Datalake is an accelerator specific to power utilities. When enabled, it can be accessed via the menu button ( ) in the top-left corner of the Utilihive Console.

Utilihive Datalake strives for a balance between strictness and flexibility of data models. Stricter data models perform better, guard data integrity, and yield fewer operational errors. However, the very concept of a data lake must also allow for sufficient flexibility to encapsulate the complete data domain that spans across all relevant business processes.

Therefore, the data models that Utilihive Datalake operates with on the backend data store are designed to be only as strict as they have to be. Utilihive Datalake imposes strictness in the integration layer, where more restrictive data structures can be mapped to and from the base models on the backend.

The majority of data models that are exposed outwards to the user space are based on industry standards. Specifically, IEC 61968-9 2nd Edition (i.e., CIM 2.0). These are well defined data structures and serve as a message-based interface to the data lake. Even though the backend store is designed to handle a much larger data domain, some attributes are inherited from this industry standard and employed in the base models.

Master Data

The following image outlines Datalake’s canonical models and relations:

A flowchart connects several data models.

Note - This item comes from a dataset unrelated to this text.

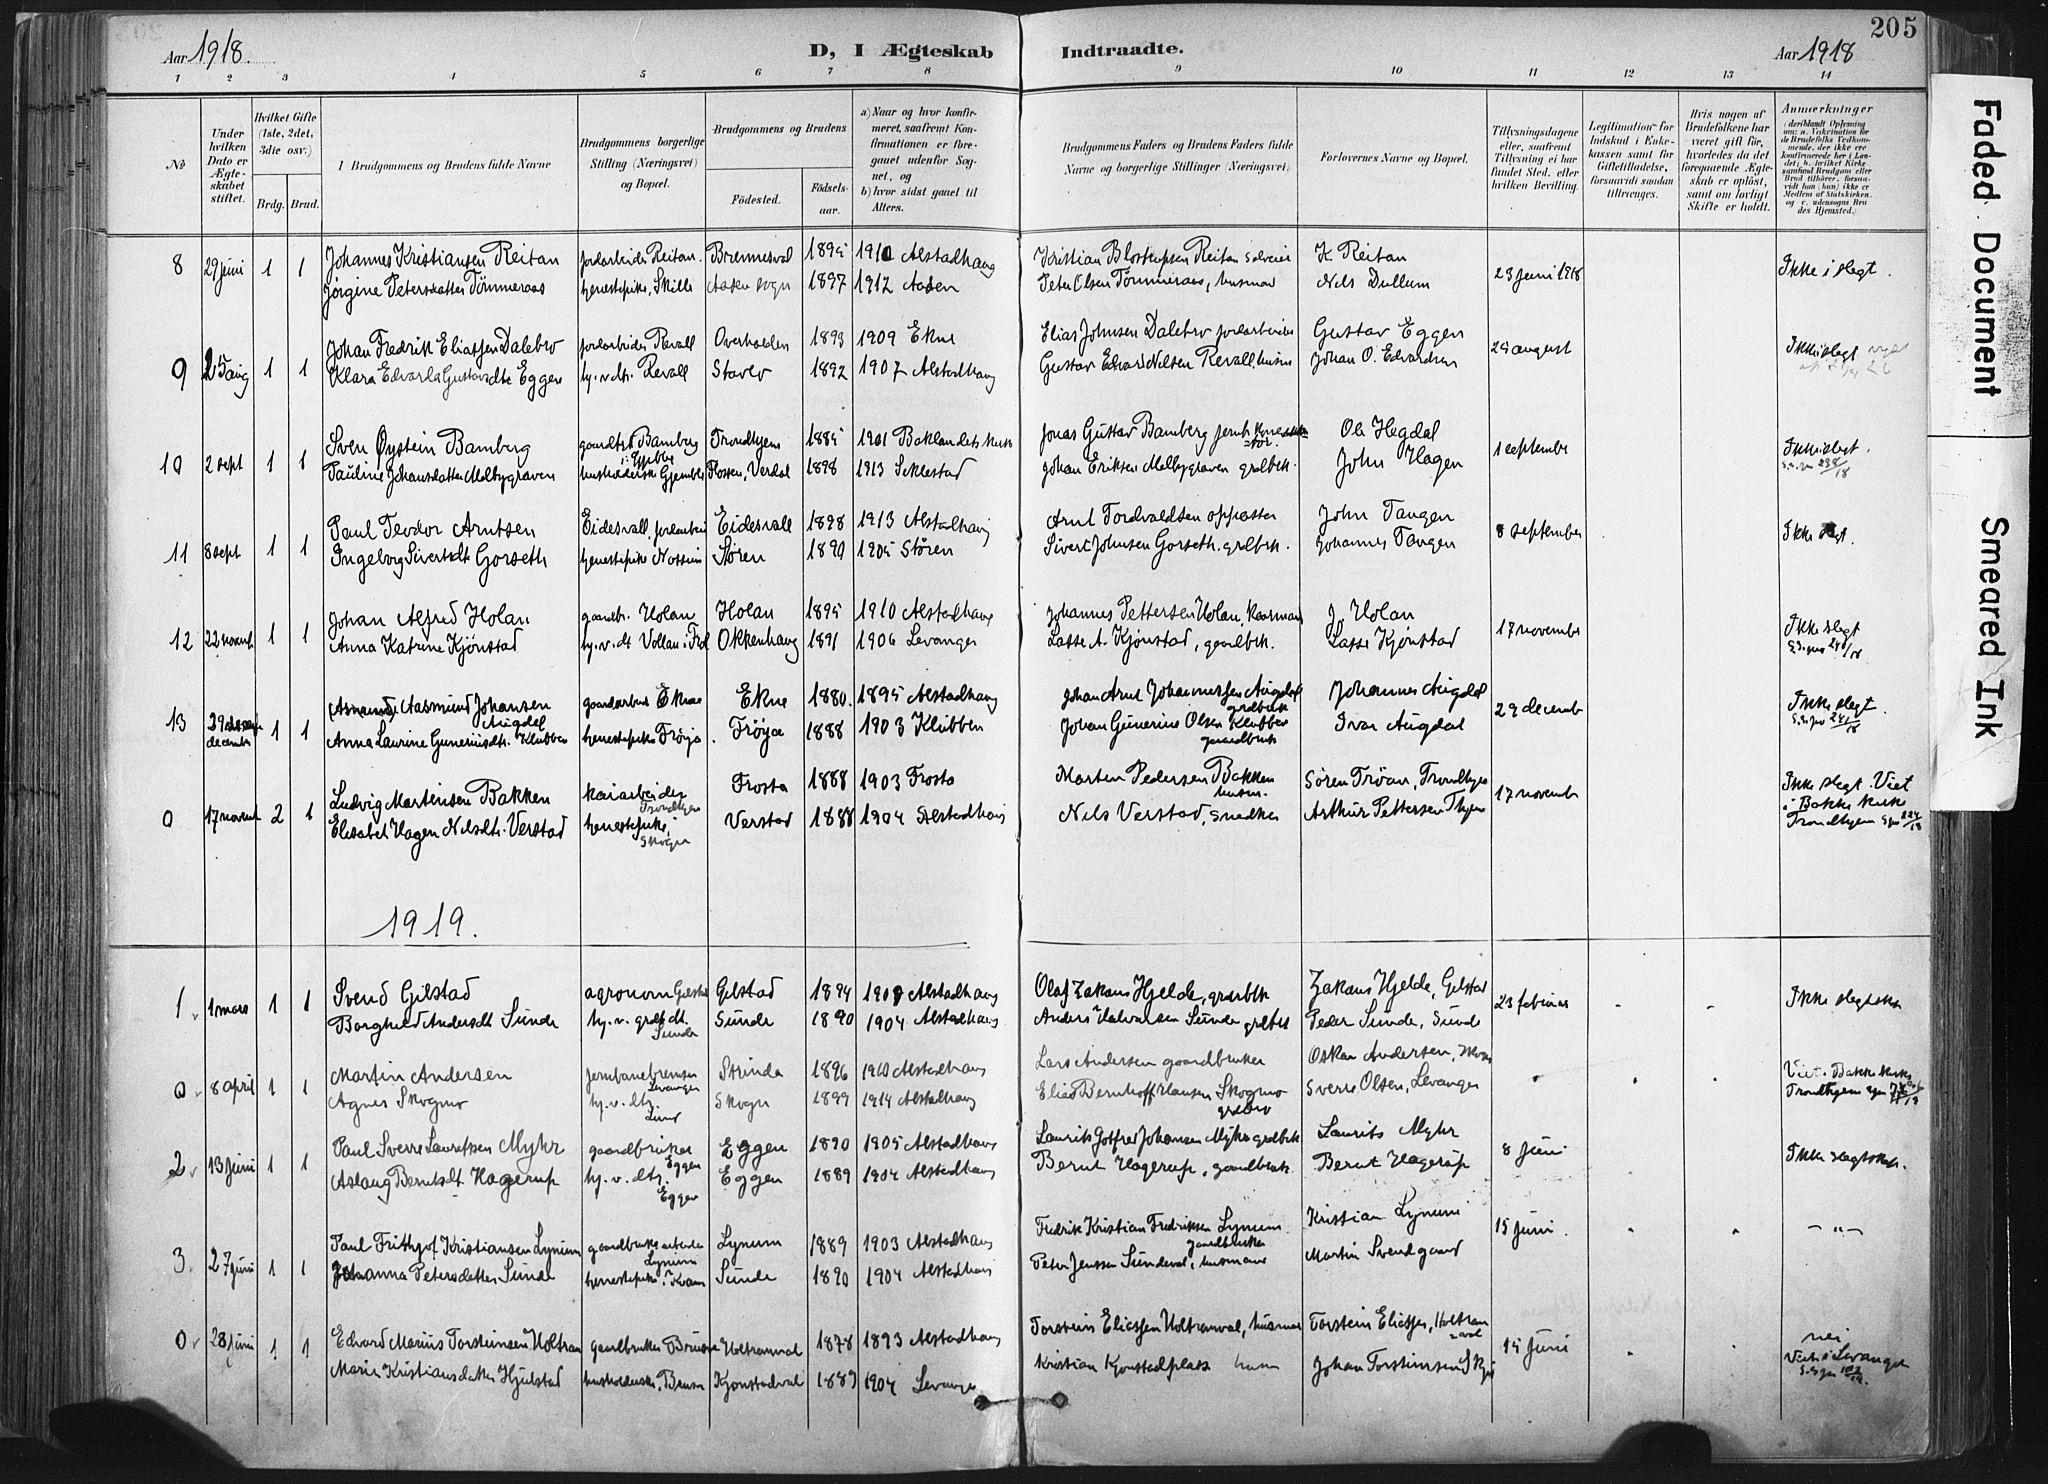 SAT, Ministerialprotokoller, klokkerbøker og fødselsregistre - Nord-Trøndelag, 717/L0162: Ministerialbok nr. 717A12, 1898-1923, s. 205
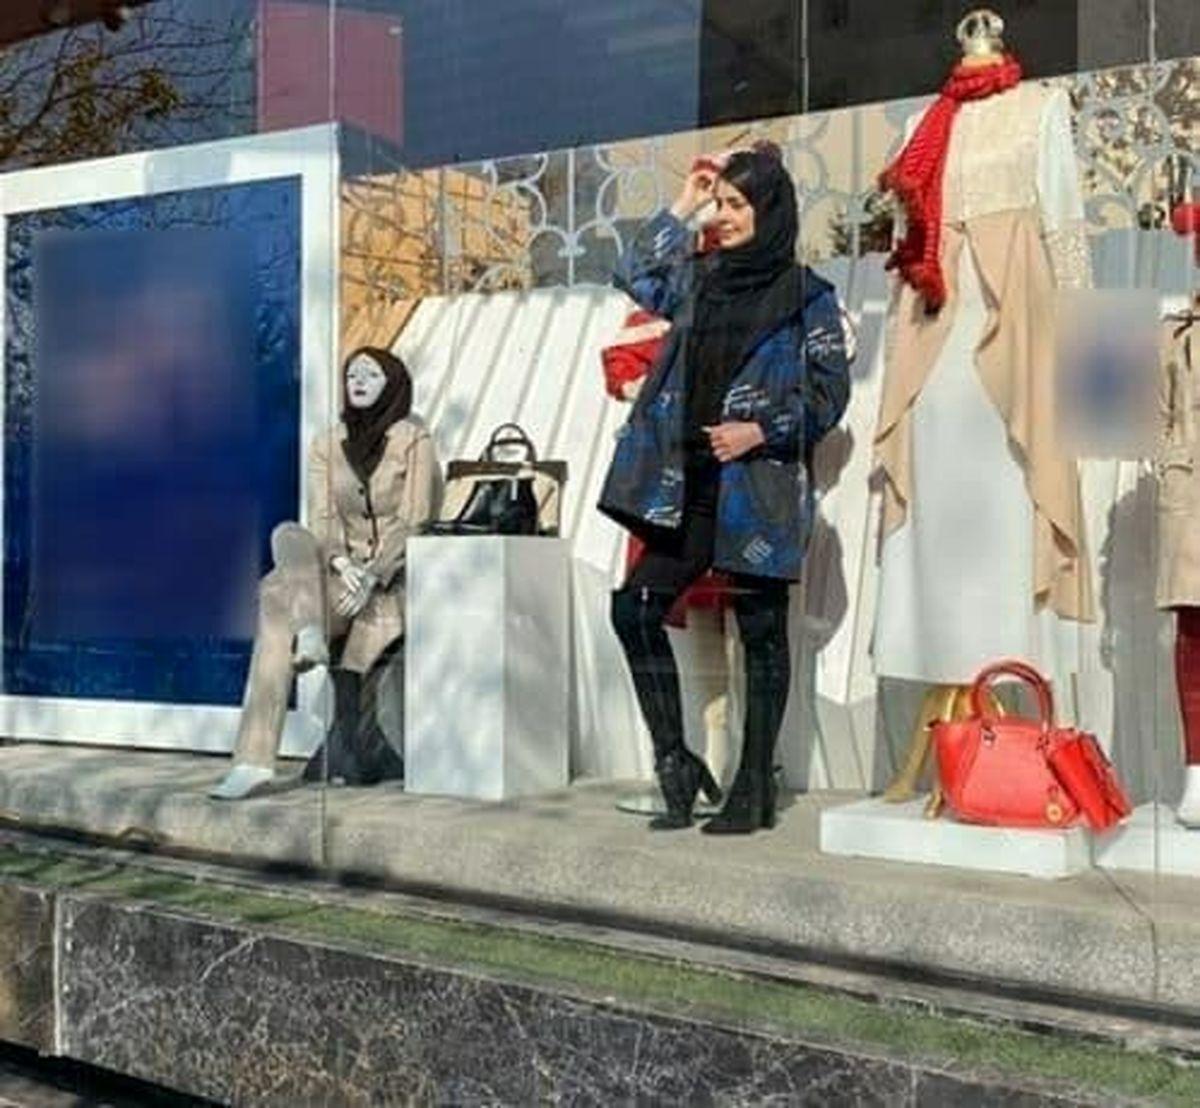 دختر مانکن در ویترین یک مغازه در مشهد غوغا به پاکرد + عکس

Master data reflects business assets and their relations. Utilihive Datalake models the master data domain as a time-dependent and directed multigraph whose members are composed of the following base objects:

  • A base node object with attributes such as a unique identifier, a validity period, a node class and subclass (which can be user defined), and other attributes to hold generic properties (e.g., additional identifiers, tags, and the full data body).

  • A base linkage object, which includes attributes denoting the source and target object, class and subclass, and additional metadata for the link.

Object Classes/Nouns

Utilihive Datalake implements objects from CIM 2.0 by bijective mappings to and from these base objects. These more restrictive objects, such as a meter or usage point, are semantically interpreted in order to perform domain specific analytics and operations.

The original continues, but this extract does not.